America is more than capable of protecting and advancing her interests. Our President commands the most powerful military known to human history.

 A draft, then, must be based on promoting the general welfare. In this case, American wants its young men and women to be instilled with an ethos of service and collective responsibility.

However it’s described, the formula is basically the same: this formative experience will tie together each group of heretofore unrelated peers, forging a grand community in the finest tradition of the American Melting Pot.

 But is the main effect of instigating compulsory service? Or is it a desirable by-product of an otherwise dangerous policy?
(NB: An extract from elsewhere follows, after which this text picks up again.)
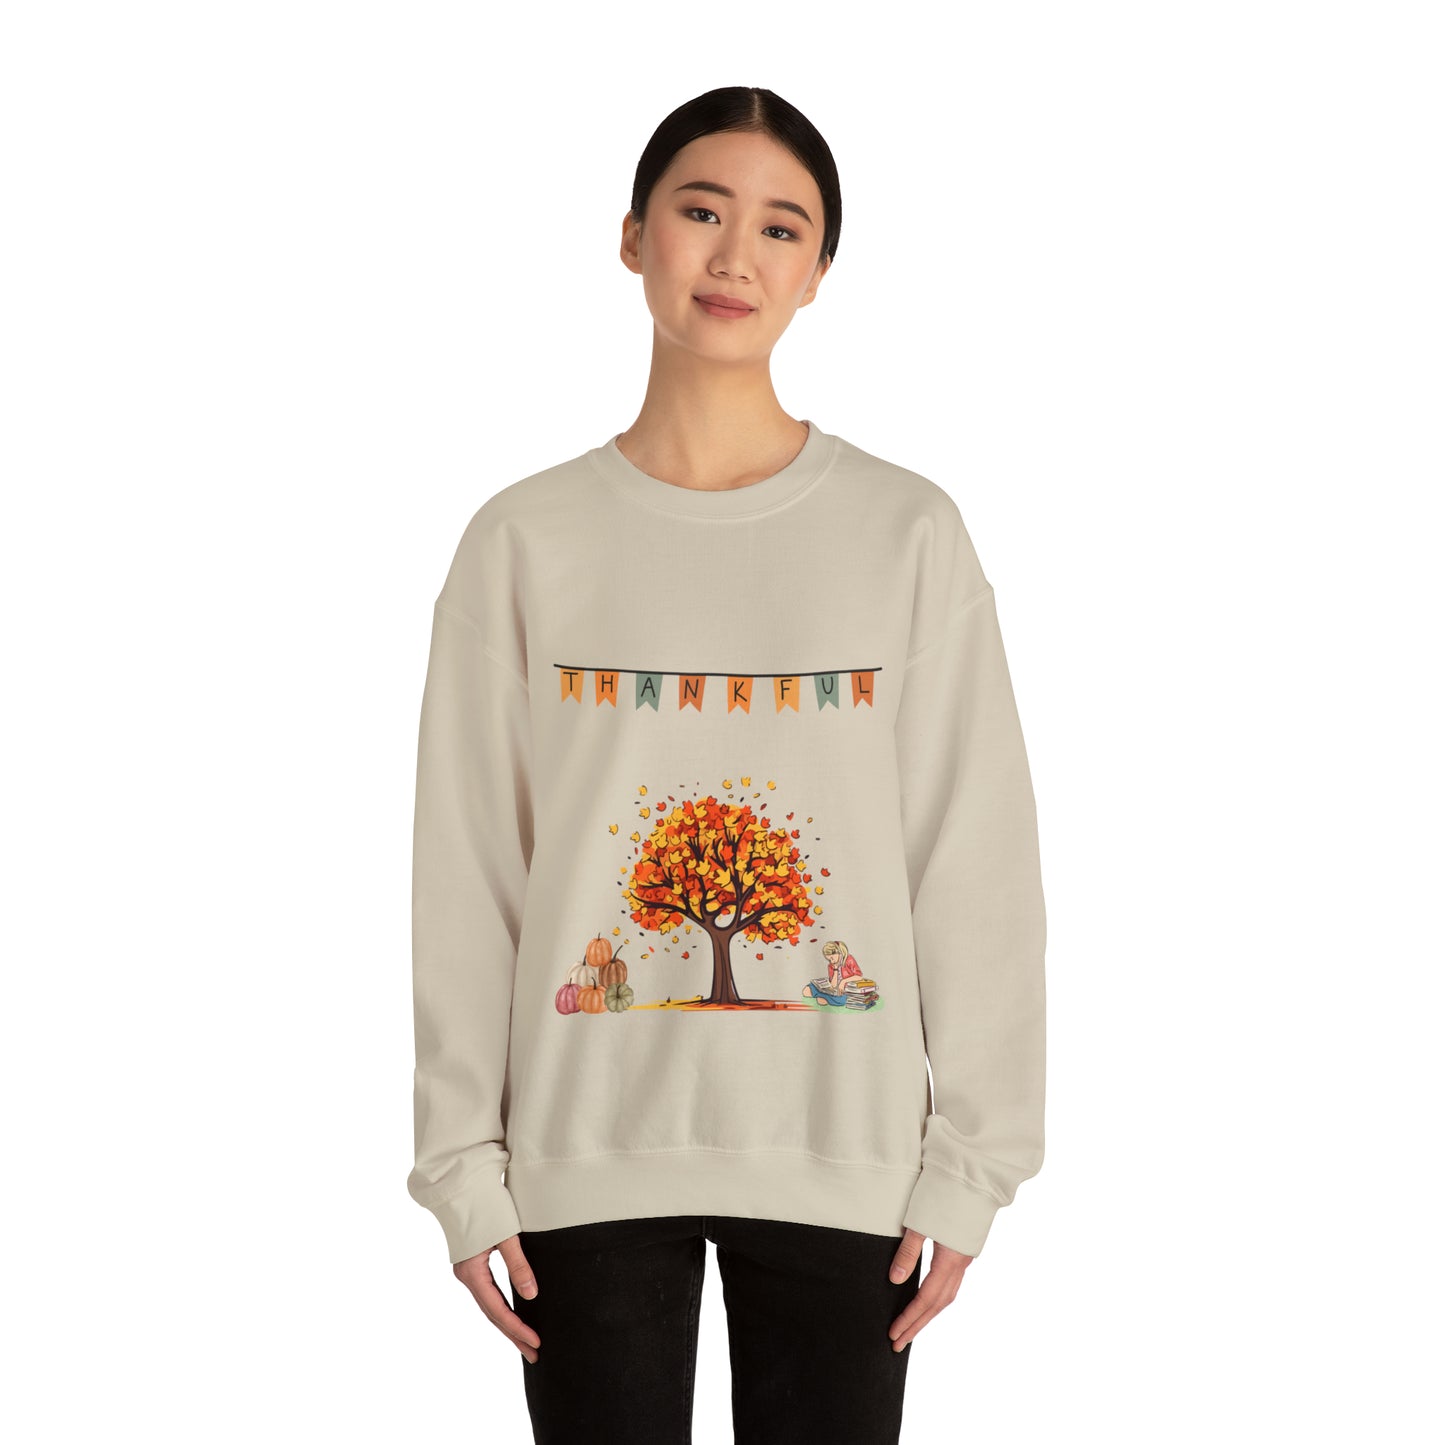 Fall Thankful Sweater!

Forcing people to partake in something against their will should be considered a necessary evil. Having the governmental machinery to conscript young people is problematic for any rational American. It is a last resort, not a civic medicine.

 It has been 238 years since the beginning of the Revolutionary War, and the fighting that birthed the United States.

We have imposed drafts for a total of 40 years, just 17% of our history.

Conscription is not an American tradition. Consider too that almost all of the draft years when we used conscription took place between 1940 and 1973, when World War II and then the Cold War gave us justification for maintaining a larger standing military. This policy was changed under President Nixon, much to his credit, kicking off the evolution and professionalization of America’s military during the 1970s and 80s.

Since then, we have called upon the armed forces to accomplish difficult tasks in dangerous places time and time again.